No sooner did I return from St. Louis' wild goose chase did I find myself in the throes of a large group project for my final MBA class (If you ever want to learn a ton of senseless information using Porter's 5 Force Industry & Competetior Analysis to study Major League Baseball, read no further). As you may know, group projects were invented in communist Russia. "Labor camps" were just fancy terminology for lazy proletariats making other people do their work. Isn't it ironic that in a business school we're participating in socialist propaganda? And here's a hot tip to anyone in business school, or who is in business at all really: it's all about proper use of "business lingo." Business lingo (also called Bingo) can flower up even the dullest of activities. When you come into the boardroom for that big presentation, instead of saying, "I just had a satisfying poop in the office planter," you can really wow the board with "I'm thrilled to announce I just dropped a high-load resource from my asset that will result in upward growth trends and lighter carrying costs!" That got me a raise just last week - and all I did was poop in a planter!

Finally, last weekend I took a trip to the desert to visit an old friend, "Obi-Wan Brumme." Obi-Wan Brumme is kind of a hermit that lives by himself in Palm Desert. He and I are definitely into the Force and it was good to catch up on life, laughs, light-sabers and his never-ending search for the right "Padme." Obi-Wan has been very involved in promoting the relase of the "Chronicles of Narnia" amongst churches; I even got to see 10 minutes of special sneak-peek footage, and let me tell you: they did a great job look making the Ewoks look real. This again took up a whole weekend, and kept me from blogging.

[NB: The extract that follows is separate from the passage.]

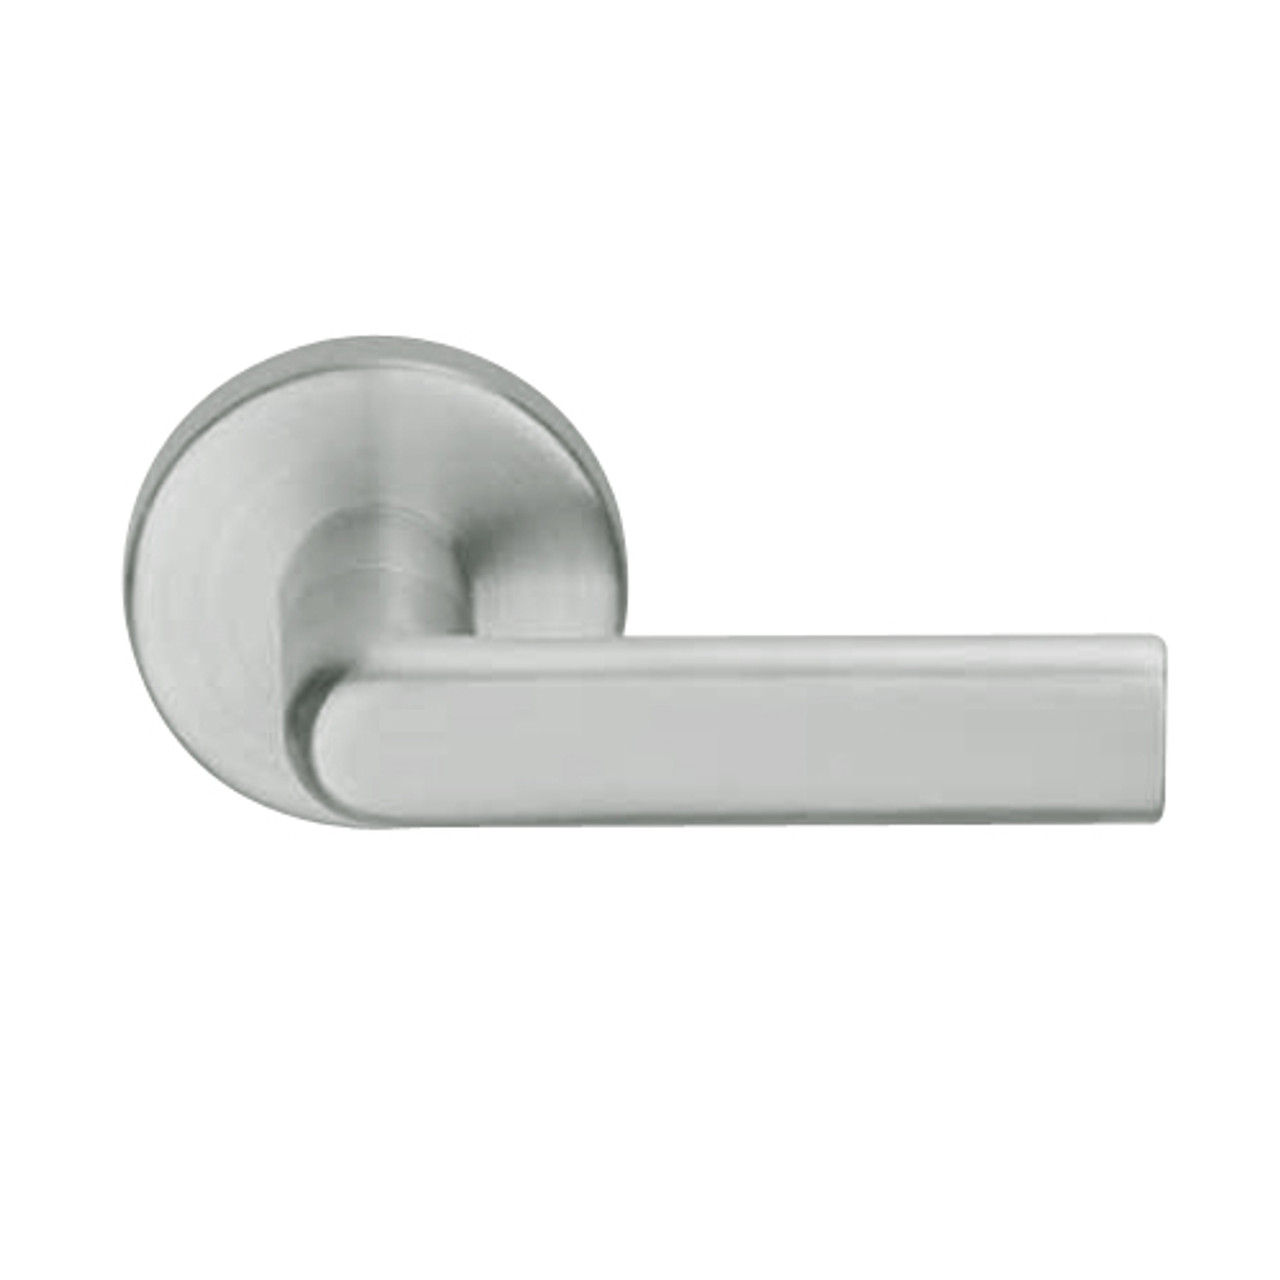 L9453L-01B-619 Schlage L Series Less Cylinder Entrance with Deadbolt Commercial Mortise Lock with 01 Cast Lever Design in Satin Nickel

And ever since, I've been busy with more work, more stuff for school, taking needed down-time with my beautiful wife, and the exploration and conquest of the world. The good news is that I'm back in the game for at least a week before we leave for Hong Kong/ mainland China for Thanksgiving. That may be another dry blogging spell... but there should be some meaty content to keep things tasty this week.